Many thanks for reading this.
Wesley


----------



## Jaye (Mar 13, 2008)

Hello, and thanks for your concern.

Eggs hatch at 18 days and babies fledge (start leaving the nest) at around 6 weeks old (sometimes adventurous ones do it at 5 and shy ones at 7). So what you describe sounds normal. 

They are taking short hops and flights now, but have not yet actually followed their parents out. I would expect that to happen in the next week or so. Also, unless they are looking weak and tired....they are still being fed by Mom or Dad. Perhaps you are just not seeing the times it is happening (?)

If you do not want a population explosion you could take one or both of the other eggs and discard them. Or if you just want to let things be, then I would imagine in a short time, maybe another week, the second clutch of eggs will hatch (usually 3 days apart).

Can you get a photograph of the area and the youngsters ?


----------



## wadutoit (Jul 15, 2013)

Hello Jaye

Thank you for your response, I really appreciate it. Turns out my concern was premature. The day after I posted one of the birds flew out, and the day after that the other left too. 

The mother now sits on her eggs without interference, and she seems comfortable with us looking in every now and then.

I wonder if I could move the babies down one flight of stairs after they've hatched where they won't be bothered by anyone and the mother can feed them even when we're out there. 

It was a new and pleasant experience for me seeing something be born, grow up and go out in to the world. 

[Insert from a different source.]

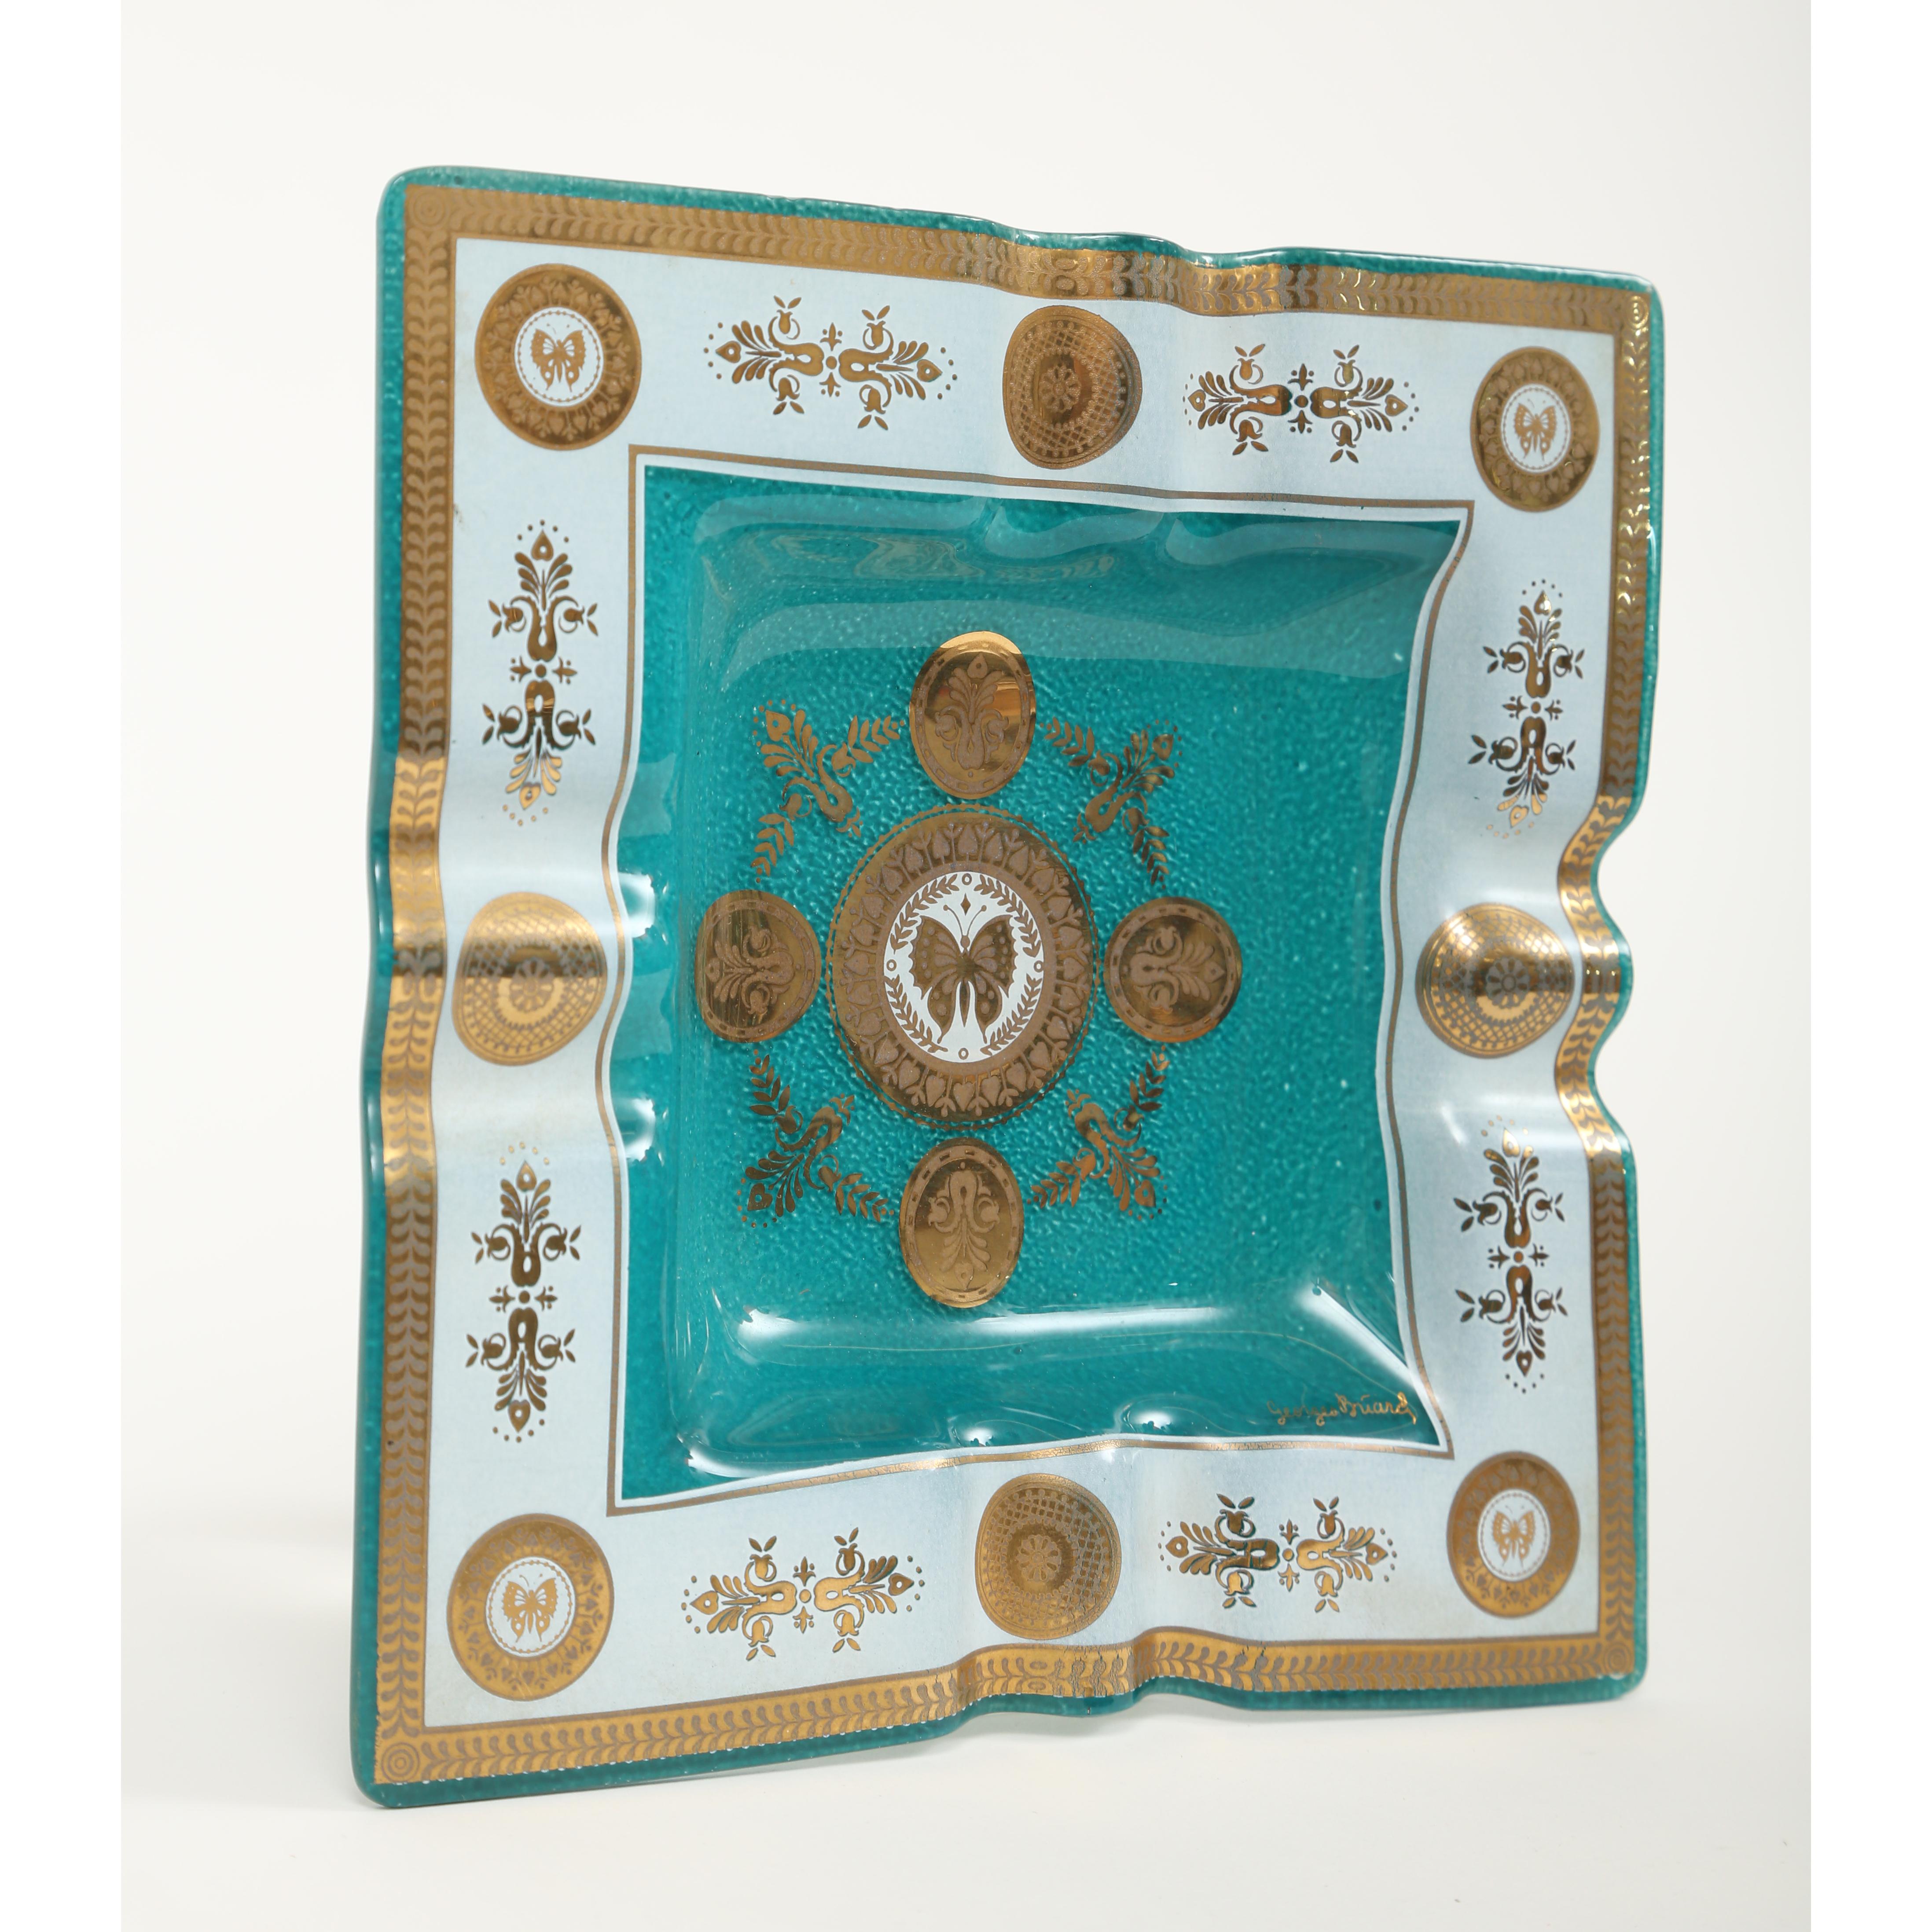 Georges Briard square tray in the embassy pattern. The color is actually an emerald green with white and 22-karat gold decoration. The wide border has a laurel wreath pattern and gold medallions of butterflies. The butterfly motif appears again in

Thanks again for your advice.


----------



## Jay3 (May 4, 2008)

Don't move them. If you do that the parents will usually abandon them. If the parents are uncomfortable with you being around, they could have chosen another place to lay the eggs. But if moved, or the nest disturbed, the babies will normally be left behind and will die. They parents will usually go elsewhere to start another nest.


----------



## wadutoit (Jul 15, 2013)

Ok, I'll leave them be. 

My Dad actually saved the two birds I'm talking about. The building's cleaners had placed them on a ledge when they were babies in order to clean the stairwell. We laid down paper and he picked them up and put them back in their place. Knowing now that mothers will abandon their babies if they're moved, he's probably to thank for their survival. 

Anyway, thanks for a great forum. 

Warm regards,
Wes


----------